ReFS integrity streams
Applies To: Windows Server 2016, Windows Server 2012 R2, Windows Server 2012, Windows 10
Integrity streams is an optional feature in ReFS that validates and maintains data integrity using checksums. While ReFS always uses checksums for metadata, by default, ReFS does not generate or validate checksums for file data. Integrity streams is a feature that enables checksum usage for file data. Using checksums is an important feature, for it enables ReFS to clearly determine if a block is valid or corrupt. Additionally, ReFS and Storage Spaces can jointly correct corrupt metadata and data automatically.
How it works
Integrity streams can be enabled for individual files, directories, or the entire volume, and integrity stream settings can be toggled at any time. Additionally, integrity stream settings for files and directories are inherited from their parent directories.
Once integrity streams is enabled, ReFS will create and maintain a checksum for the specified file(s) in that file's metadata. This checksum allows ReFS to validate the integrity of the data before accessing it. Before returning any data that has integrity streams enabled, ReFS will first calculate its checksum:
Then, this checksum is compared to the checksum contained in the file metadata. If the checksums match, then the data is marked as valid and returned to the user. If the checksums don't match, then the data has been corrupted. The resiliency of the volume determines how ReFS responds to corruptions:
- If ReFS is mounted on a non-resilient simple space or a bare drive, ReFS will return an error to the user without returning the corrupted data.
- If ReFS is mounted on a resilient mirror or parity space, ReFS will attempt to correct the corruption.
- If the attempt is successful, ReFS will apply a corrective write to restore the integrity of the data, and it will return the valid data to the application. The application remains unaware of any corruptions.

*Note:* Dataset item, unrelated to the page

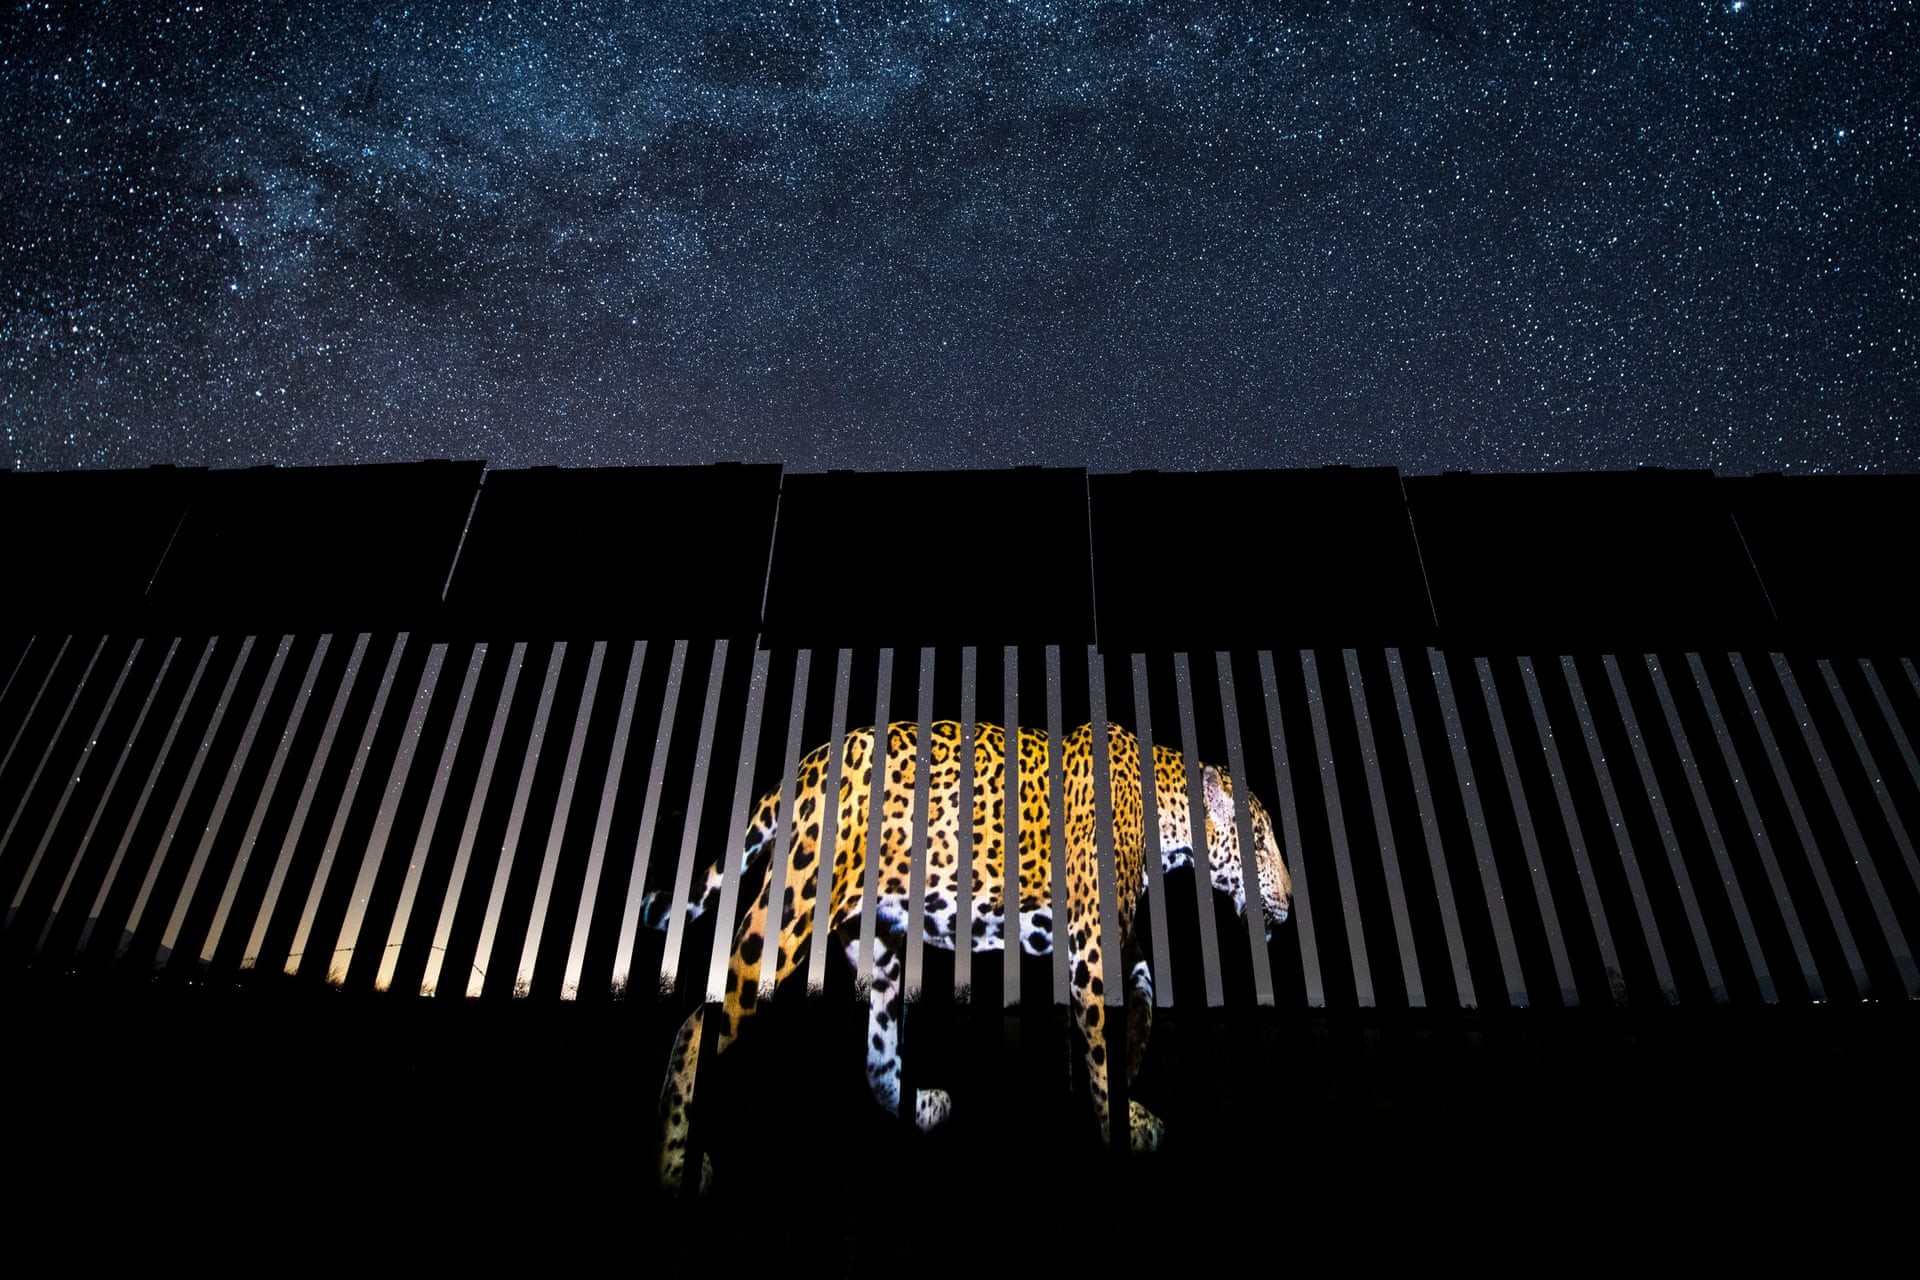 Запрещённый мигрант. Изображение ягуара проецируется на границе США и Мексики. Победитель в категории Дикая природа в жанре фотожурналистики. Автор Алехандро Прието
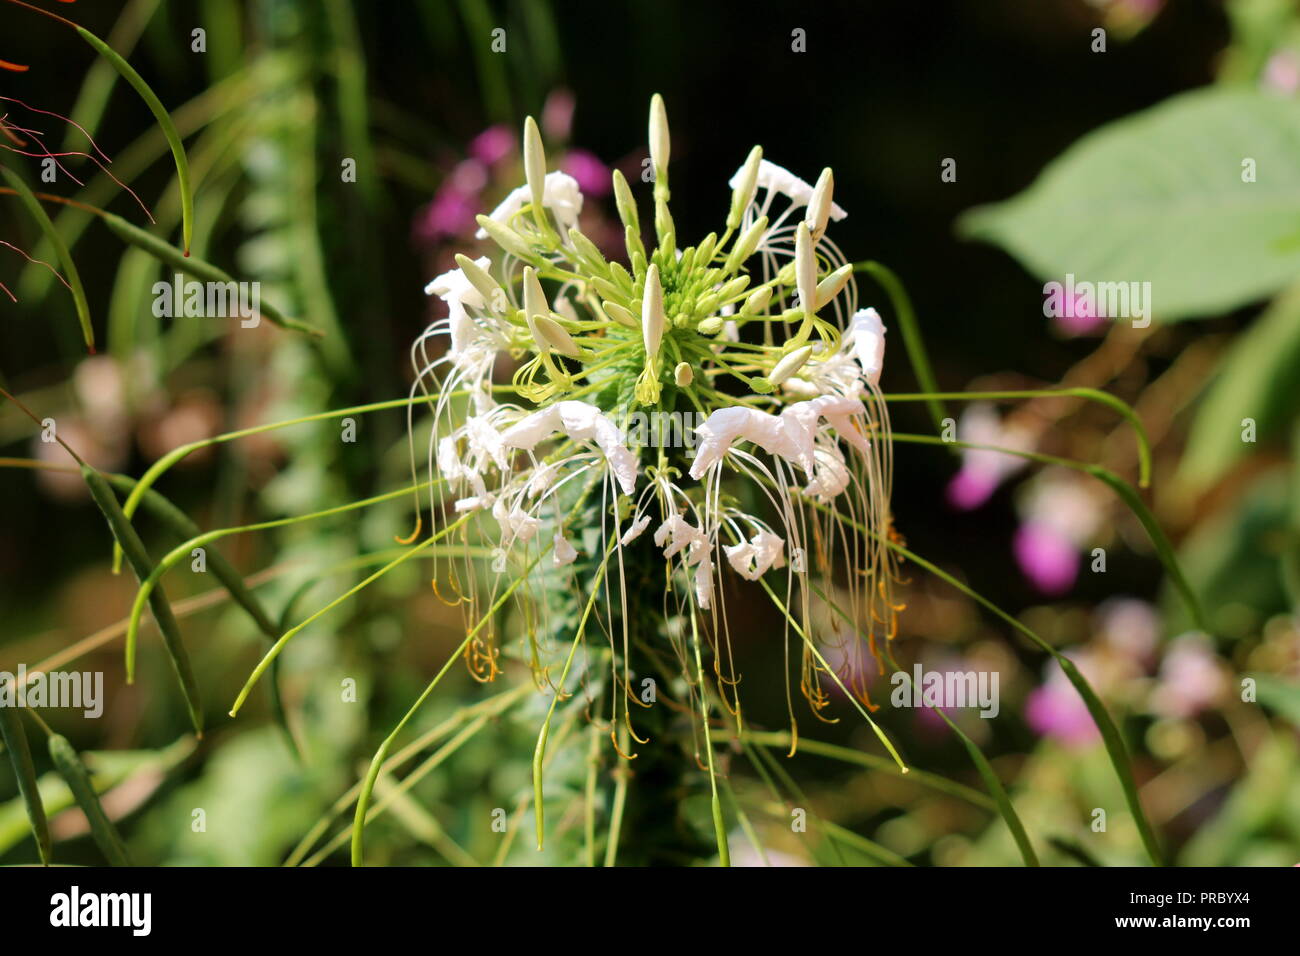 Cleome hassleriana araignée fleur ou plante florifère annuelle avec des fleurs blanches et étamines en commençant à se flétrir sur fond de feuilles vert foncé Banque D'Images

- If the attempt is unsuccessful, ReFS will return an error.
ReFS will record all corruptions in the System Event Log, and the log will reflect whether the corruptions were fixed.
Though integrity streams provides greater data integrity for the system, it also incurs a performance cost. There are a couple different reasons for this:
- If integrity streams are enabled, all write operations become allocate-on-write operations. Though this avoids the read-modify-write bottleneck, data frequently becomes fragmented, which delays reads.
- Depending on the workload and underlying storage of the system, the computational cost of computing and validating the checksum can cause IO latency to increase.
Because integrity streams carries a performance cost, we recommend leaving integrity streams disabled on highly performant systems.
To monitor and change the file data integrity settings, ReFS uses the Get-FileIntegrity and Set-FileIntegrity cmdlets.
To see if integrity streams is enabled for file data, use the Get-FileIntegrity cmdlet.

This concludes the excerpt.